Handoff Message Structure
{
"role": "system",
"content": "[Model Handoff Context]\n\nThis session was previously running on {previousModel}.\n\n## Session Goal\n{initialPrompt}\n\n## Conversation Summary\n{generatedSummary}\n\n## Current Working State\n- Active files: {recentlyReadOrEditedFiles}\n- Current task: {currentTodoState}\n- Last user request: {lastUserMessage}\n- Last assistant action: {lastAssistantSummary}\n\n## Key Decisions Made\n{extractedDecisions}\n\n[End Handoff Context]"
}How to Generate It
Option 1: Self-Summarize Before Switch (Recommended)

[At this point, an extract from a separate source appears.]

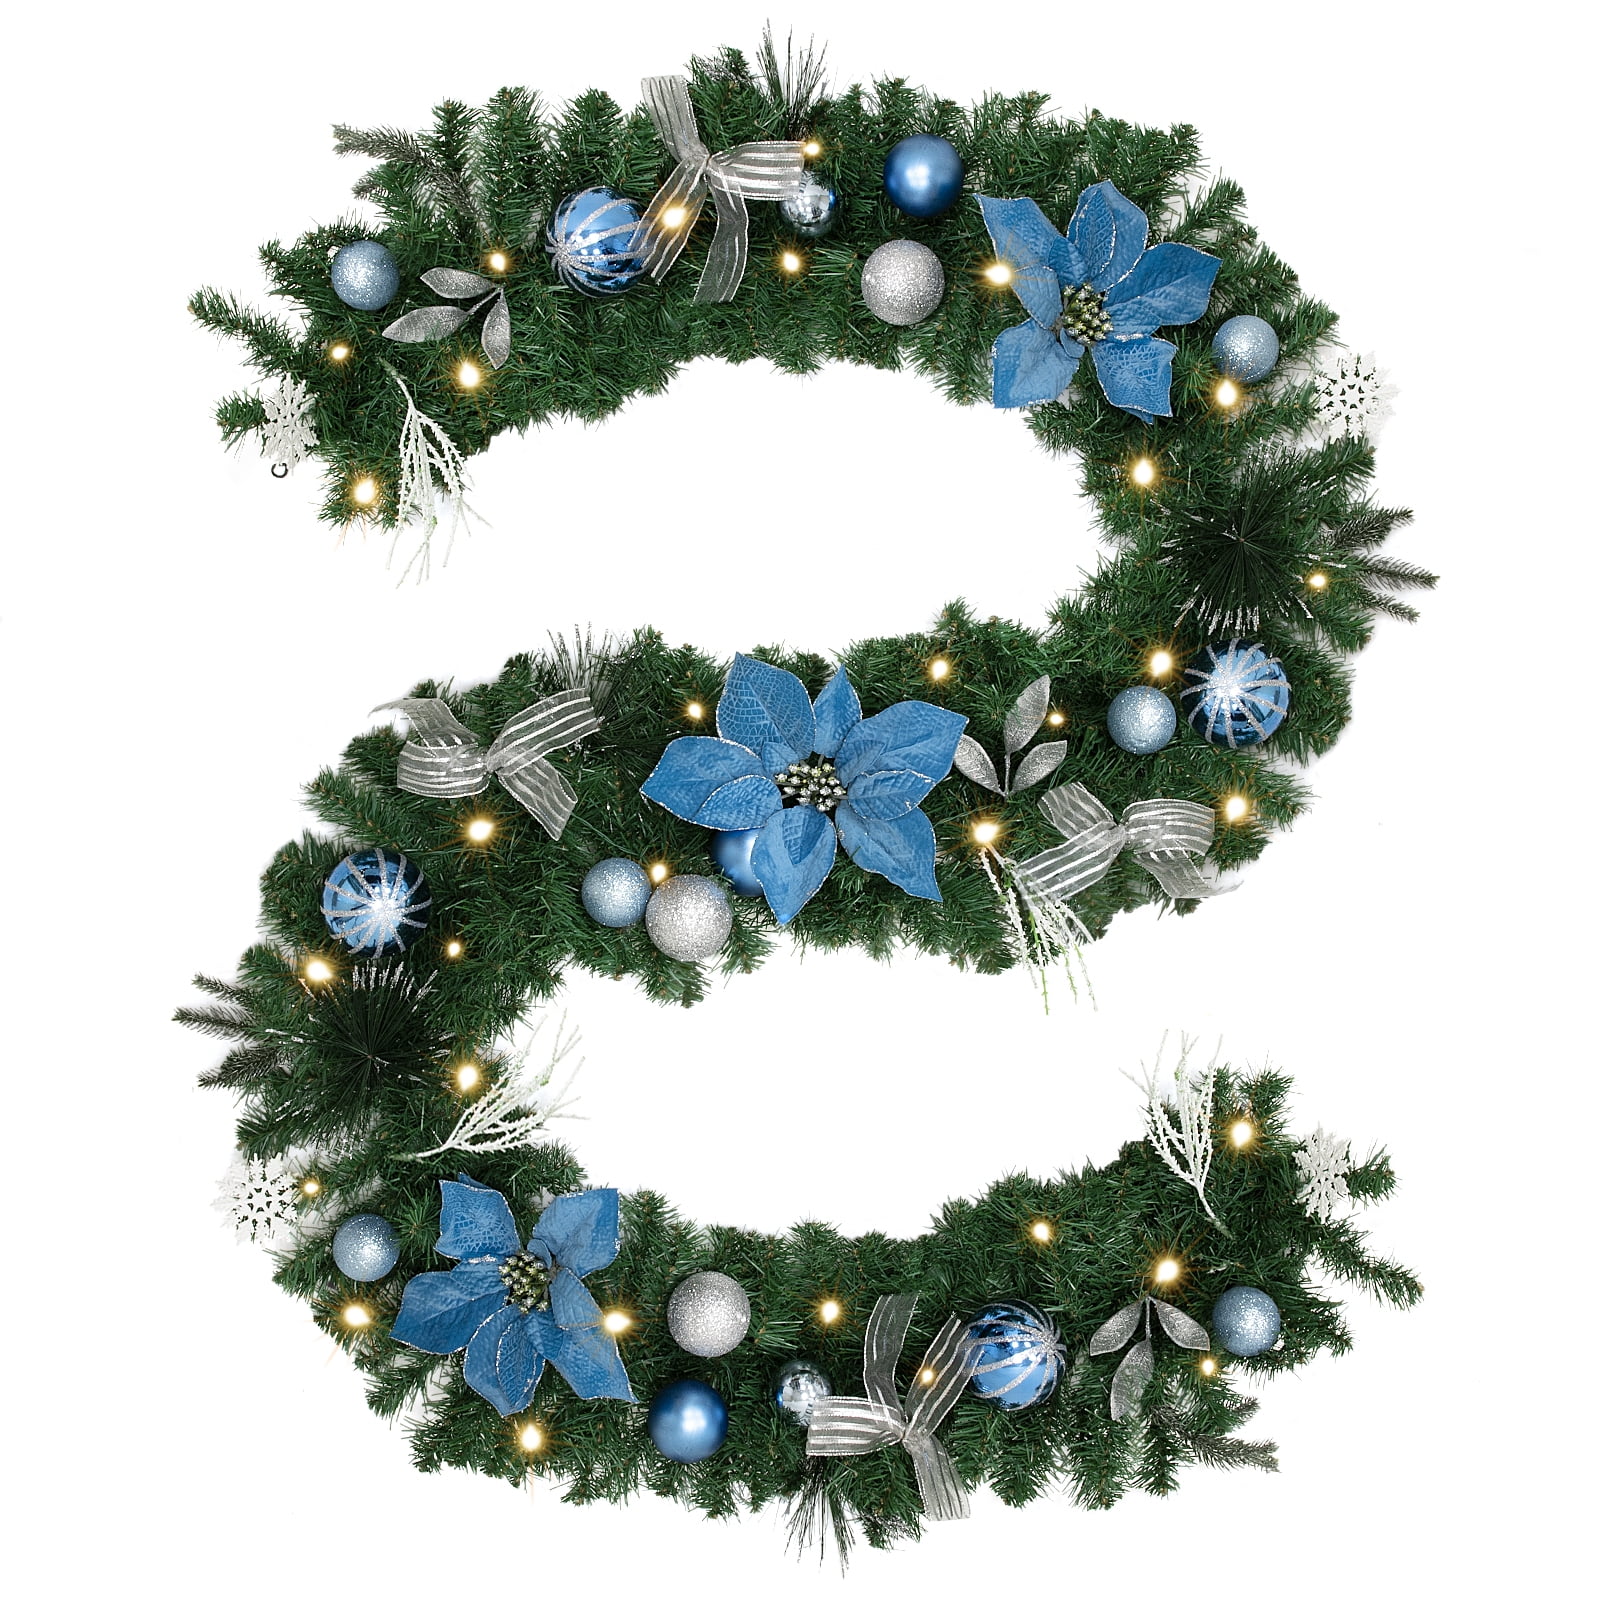 Ribbons and Flowers Snowflakes Valery Madelyn Pre-Lit 6 Feet/72 Inch Winter Land Blue Silver Christmas Garland with Ball Ornaments Battery Operated 20 LED Lights Pine Cones

Before the model switch takes effect, ask the current model to produce its own handoff summary. This is the highest-quality approach because the outgoing model has full context and can distill what matters.
PATCH arrives
→ Agent calls CURRENT model: "Generate a handoff summary for a model transition"
→ Current model returns structured summary
→ Agent stores summary, swaps to new model
→ New model's first call gets: [handoff summary] + [recent conversation tail]
Option 2: Runtime-Constructed Summary (Fallback)
If self-summarization isn't possible (model unresponsive, instant switch needed), the runtime constructs a summary mechanically from available state: initial prompt, last N conversation turns, todo list state, recently modified files, and last user message.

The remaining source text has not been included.